The implementation code of create_hf_model function is as follows:

def create_hf_model(model_class,
                    model_name_or_path,
                    tokenizer,
                    ds_config=None,
                    rlhf_training=False,
                    disable_dropout=False):
    model_config = AutoConfig.from_pretrained(model_name_or_path)
    if disable_dropout:
        model_config.dropout = 0.0
    # Note: dschf is defined in function scope to avoid global effects
    # https://huggingface.co/docs/transformers/main_classes/deepspeed#nontrainer-deepspeed-integration
    if ds_config is not None and ds_config["zero_optimization"]["stage"] == 3:
        dschf = HfDeepSpeedConfig(ds_config)
    else:
        dschf = None
    if rlhf_training:
        # the weight loading is handled by create critic model
        model = model_class.from_config(model_config)
    else:
        model = model_class.from_pretrained(
            model_name_or_path,
            from_tf=bool(".ckpt" in model_name_or_path),
            config=model_config)

    model.config.end_token_id = tokenizer.eos_token_id
    model.config.pad_token_id = model.config.eos_token_id
    model.resize_token_embeddings(int(8 *math.ceil(len(tokenizer) / 8.0)))  
    # make the vocab size multiple of 8

    return model

When using BLOOMZ series models, there is no need to modify any model import code. However, when using other models, such as GLM, DS-Chat cannot directly import the model. In this case, the above code needs to be adjusted.

common problem:

  • Insufficient memory during training:
    countermeasure: reduce the batch-size, you can add parameters  --per_device_train_batch_size 1 --per_device_eval_batch_size 1
    , and you can also modify parameters:--max_seq_len 255

  • Model downloaded from Huggingface, local storage location:
    the default location is in: ~/.cache/huggingface/hub directory

  • How to use your own model ? Just
    set the parameters  model_name_or_path to the local path.  Note that you need to confirm whether there are two files "  and  "
    in the model folder  (DS-Chat does not store these two files when saving the model).tokenizer_config.jsontokenizer.json

3 Replacement data

【Watch the video explanation】

An important development effort for large models is to further optimize the model using task-specific data. Typically, models optimized using data from related tasks will perform better on the target task. Using your own data for model training in the DS-Chat tool can be divided into the following three steps:

  1. Prepare the data and organize the data according to a certain format, such as using JSON format.
  2. Modify the code of data_utils.py and raw_datasets.py to add support for new data.
  3. Set up the new data in the training shell script and start model training.

3.1 How to prepare data

Before preparing data, you first need to understand the data format required for model training. We can understand the data format used during training by looking at the raw_datasets.py code. The following is an example of one of the types of data reading implemented in the code:

class HelloSimpleAIHC3ChineseDataset(PromptRawDataset):
    def get_prompt(self, sample):
        if sample['question'] is not None:
            return " Human: " + sample['question'] + " Assistant:"
        return None

    def get_chosen(self, sample):
        if sample['human_answers'][0] is not None:
            return " " + sample['human_answers'][0]
        return None

    def get_prompt_and_chosen(self, sample):
        if sample['question'] is not None and sample['human_answers'][
                0] is not None:
            return " Human: " + sample['question'] + " Assistant: " + sample[
                'human_answers'][0]
        return None

    def get_rejected(self, sample):
        ...
    def get_prompt_and_rejected(self, sample):
        ...

Through the above code, we can see that there are three data formats in this data: prompt, answer, rejected, and their combination: prompt+answer and prompt+rejected. Therefore, the most basic contents of the training data are prompt, answer and rejected.
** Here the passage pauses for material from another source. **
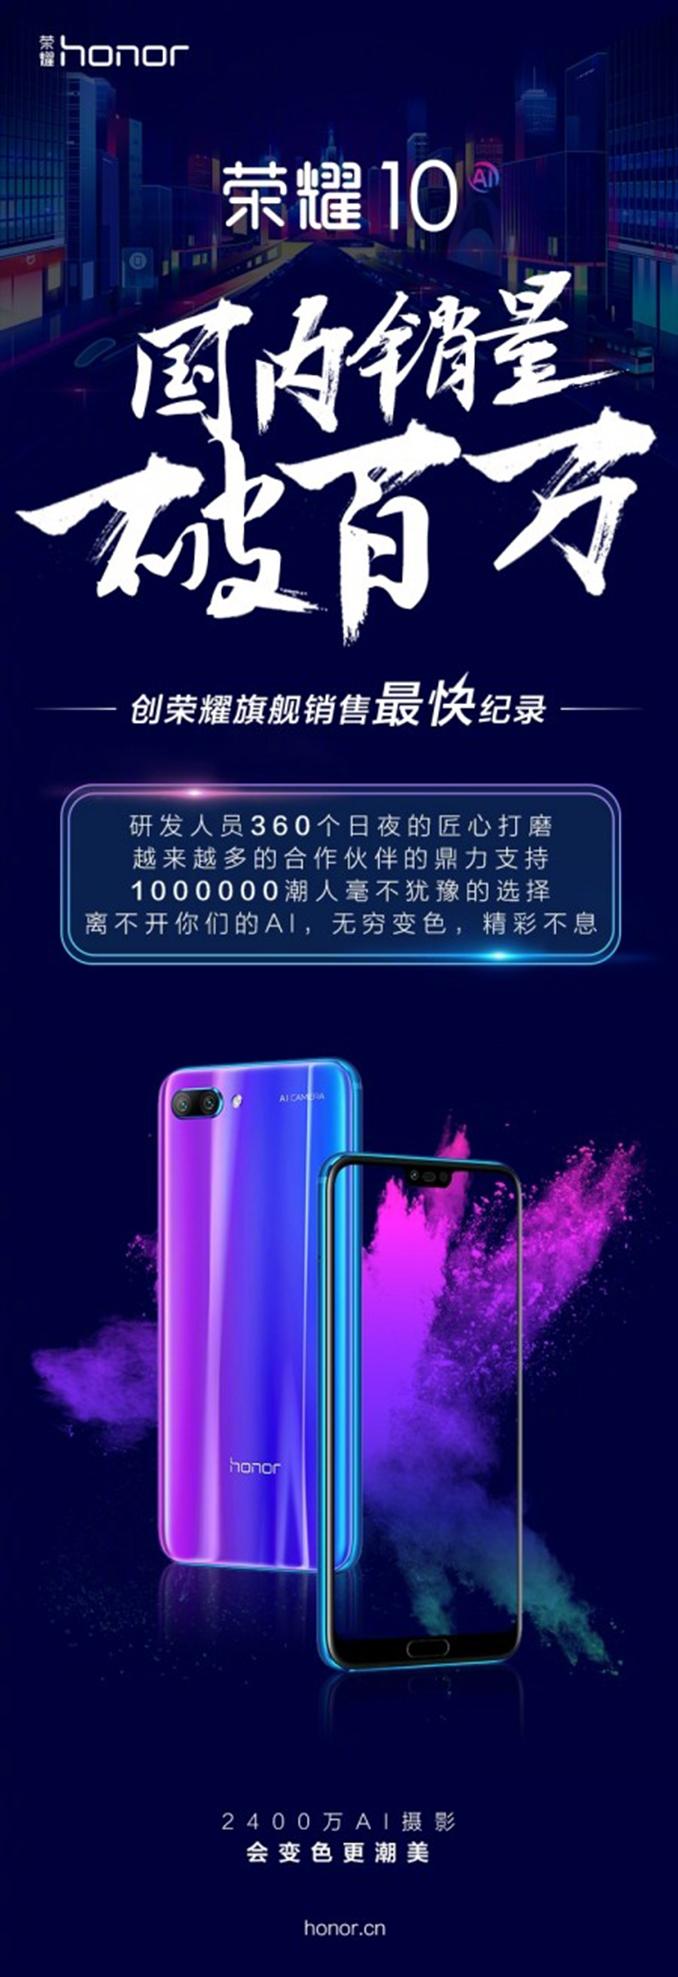 honor 10 1 миллион в китае

Then, we can learn in the part of line 141 in the data_utils.py file:

  • In Stage 1, get_prompt_and_chosen() is called to read the training data. Therefore, if we want to perform Stage 1 training, we need to prepare prompt and answer.

  • In Stage 2, get_prompt_and_chosen and get_prompt_and_rejected are called to read data to train the reward model, that is, this part requires prompt, answer and rejected data.

  • Only get_prompt is called in Stage 3, so only prompt is required to perform Stage 3 training.

The training of the model in the LLMZoo model is similar to Stage 1, so the data you need to prepare only needs to contain prompt and answer.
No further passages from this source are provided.